Tuesday, 10 July 2018

Debut Spotlight: Jo Jakeman

Today it's my stop on the Sticks and Stones blog tour and it's my pleasure to be shining the spotlight on author Jo Jakeman and her debut novel.

Jo Jakeman was the winner of the Friday Night Live 2016 competition at the York Festival of Writing.

Born in Cyprus, she worked for many years in the City of London before moving to Derbyshire with her husband and twin boys. Sticks and Stones is her debut thriller.

Twitter: @JoJakemanWrites

Can you tell us a little bit about yourself and your writing journey?
I have always loved writing but, with work and family commitments, I only ever treated it as a hobby. It felt self-indulgent to lock myself away and write. When the children started school it was time for me to see whether I could produce something that people might like to read. I made up my mind to really go for it. I started volunteering at the local book festival, read several writing books, and enrolled on an online writing course with Curtis Brown Creative. I signed up for writing festivals and entered a couple of competitions. At York Festival of Writing I was shortlisted for Best Opening Chapter and Friday Night Live. I went on to win Friday Night Live. It was there that I met my agent, Imogen Pelham. A few months after that, she submitted my book to publishers and it found a wonderful home with Jade Chandler at Harvill Secker.

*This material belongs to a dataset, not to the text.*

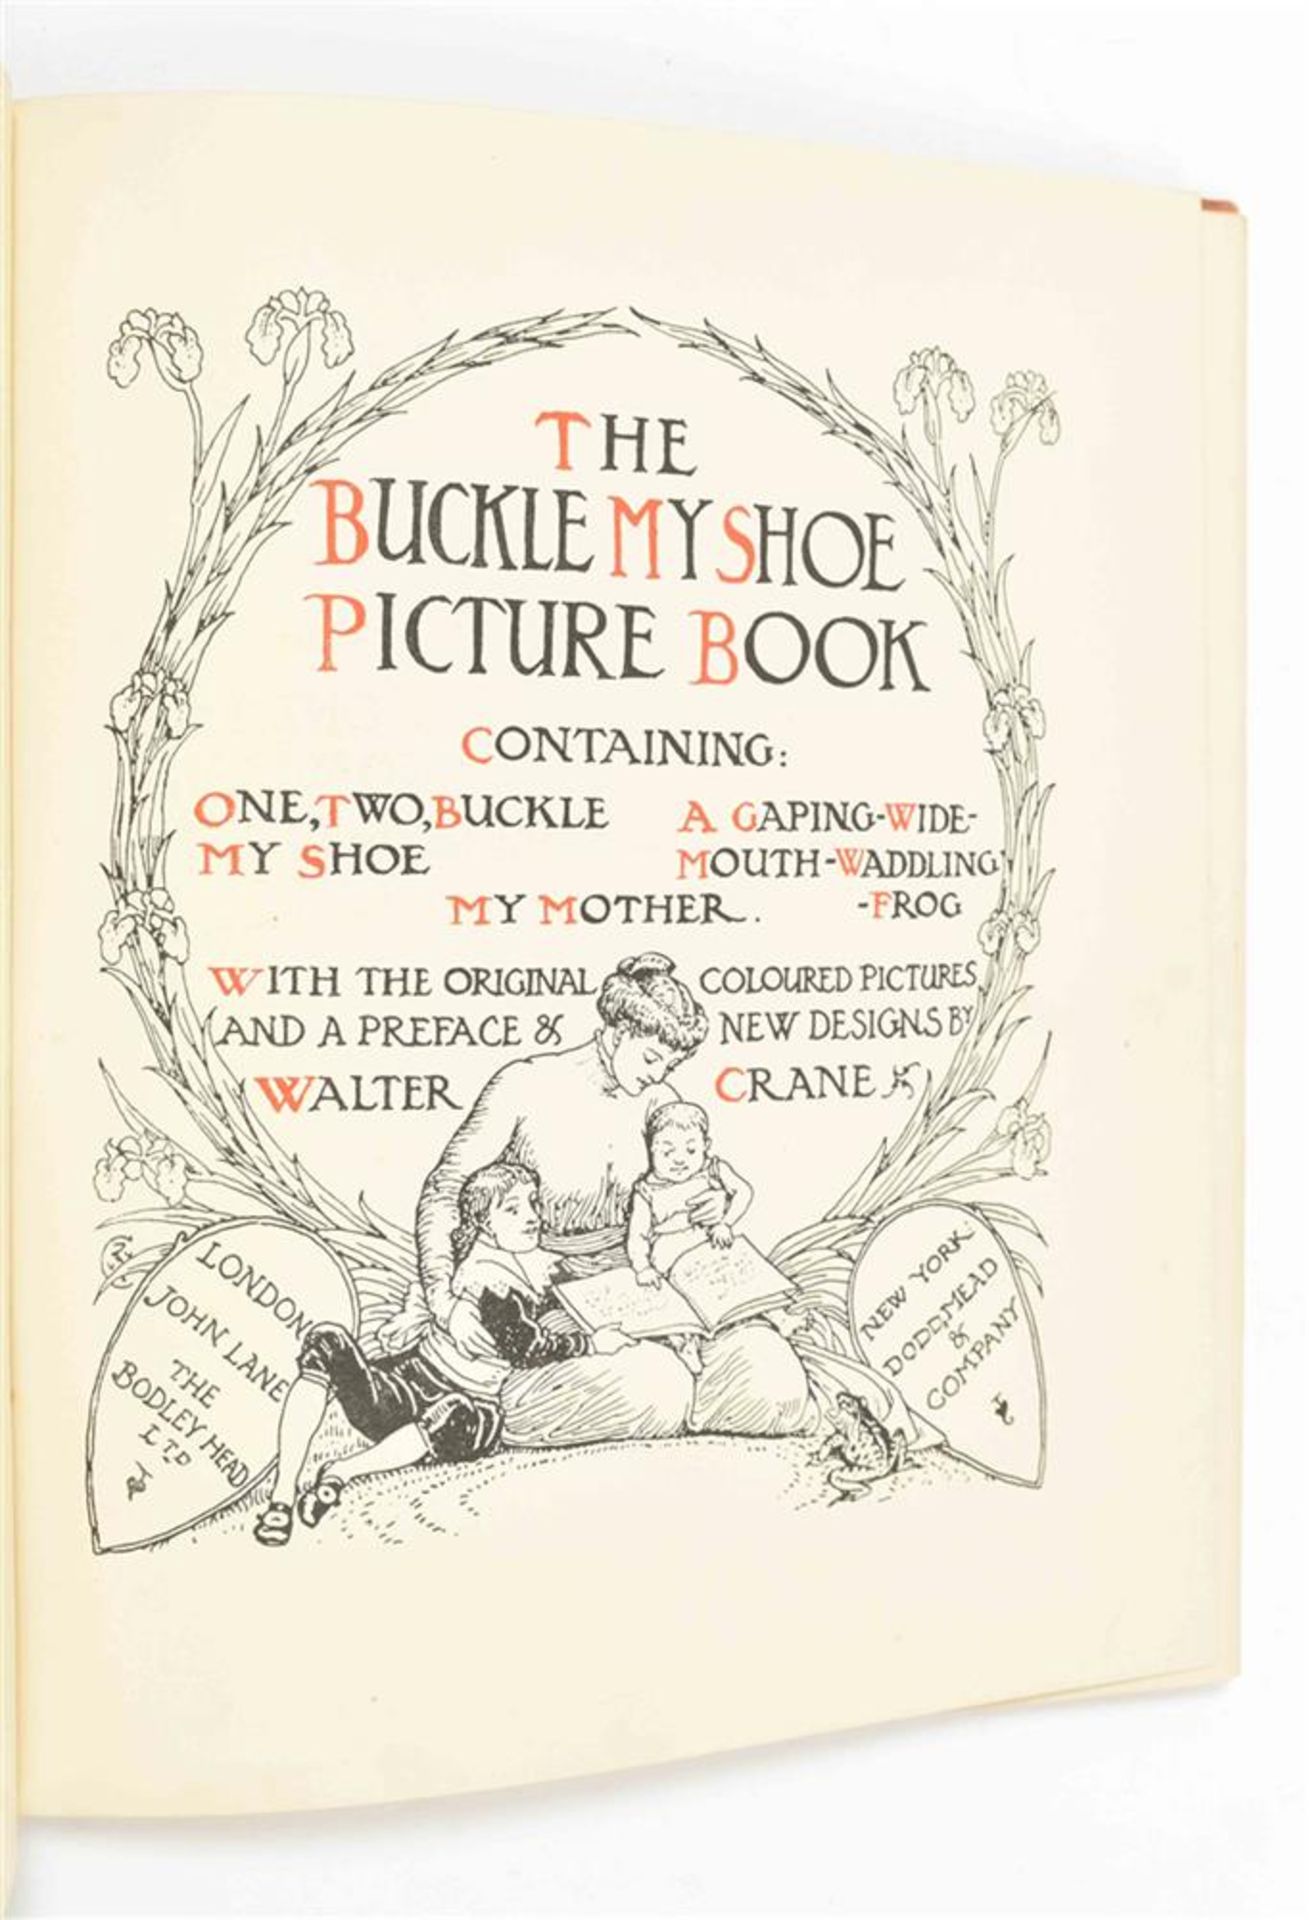 Crane, W. Four titles illustrated by Crane: (1) The Buckle My Shoe Picture Book - Image 7 of 10

If you had to give an elevator pitch for Sticks and Stones, what would it be? 
My agent judged the ‘pitch perfect’ competition at York Festival of Writing. My pitch was so bad she didn’t even recognise it. I’ve worked on it since then!

Sticks and Stones is a dark thriller about three women who lock their abusive ex in a cellar. It puts them in a position of power over him but, even locked up, Phillip still has the potential to hurt them. Should they forgive him, or take their revenge?

I'm sure we've all wanted to seek revenge on an ex at some point in our lives, what inspired you to choose this subject for your debut novel? 
It all started with a funeral I went to. There was a lot of tension because of family fall-outs. As it was, the person who had died was much loved, but I started wondering about a funeral where the deceased wasn’t a very nice man. Where perhaps someone in the church was happy that he was dead, perhaps even had a hand in it. Sticks and Stones is obviously a work of fiction, but I didn’t have to look far to find countless accounts of women who have suffered domestic abuse at the hands of their partners. You’d be amazed what people tell you when they find out you’re writing a book.

What lessons have you learnt during the whole writing/editing/publication process?
So many things! I had no idea how many people would be involved in getting this book to publication. I had a message from a woman in South Africa who is responsible for getting shops in Cape Town to stock my book. It made me really appreciate the countless un-named people that are working on behalf of the book.

What advice would you give to other aspiring authors who are thinking about writing a novel?
Be patient but focused. Many years ago an author told me not to get my first book published. He said that ideally it’s your third book that should find an agent because that’s when your writing is up to scratch. Obviously I ignored him, thought I knew better, and sent my first novel to countless agents who all rejected it. Sticks and Stones is, naturally, the third novel I’ve completed, and I can see why that first one didn’t get representation. As writers we see many success stories and feel disheartened when we don’t succeed straight away. ‘Over-night success’ is rarely what it seems. 

Did you treat yourself to something special to celebrate your publishing deal? 
On the day we accepted the offer from Harvill Secker I went out for lunch with my husband and we just sat there saying, ‘Wow’. It was what I’d wanted for so long, yet when it became a reality I was in shock. When I got the American deal, I did go and buy a car. The salesman asked if my husband should test drive it. It was so satisfying to say, ‘Why? It’s my money, my car.’

I open the curtains in the morning and look out at Fifi (yes, that’s her name!) and know that I earned it. It’s a great feeling.

Have you anything exciting planned to celebrate publication day? 
I don’t have anything planned during that day, but if I don’t get breakfast in bed there’ll be trouble! In the evening I’m having a launch party at my local Waterstones. It’s a chance for me to thank everyone for their support, and perhaps have a glass or two of Prosecco!
Finally what can we expect from you next? 
I’m working on my second book at the moment. It’s another stand-alone psychological thriller about a woman who has been recently released from prison and is trying to start again with a new identity. But, of course, it’s never that easy. It appears that someone knows who she is and doesn’t think she has been adequately punished for her crime.

It’s starting to come together nicely, and will be out in summer 2019.

Imogen’s husband is a bad man. His ex-wife and his new mistress might have different perspectives but Imogen thinks she knows the truth. And now he’s given her an ultimatum: get out of the family home in the next fortnight or I’ll fight you for custody of our son.

In a moment of madness, Imogen does something unthinkable: she locks her husband in the cellar. Now she’s in control. But how far will she go to protect her son and punish her husband? And what will happen when his ex and his girlfriend get tangled up in her plans?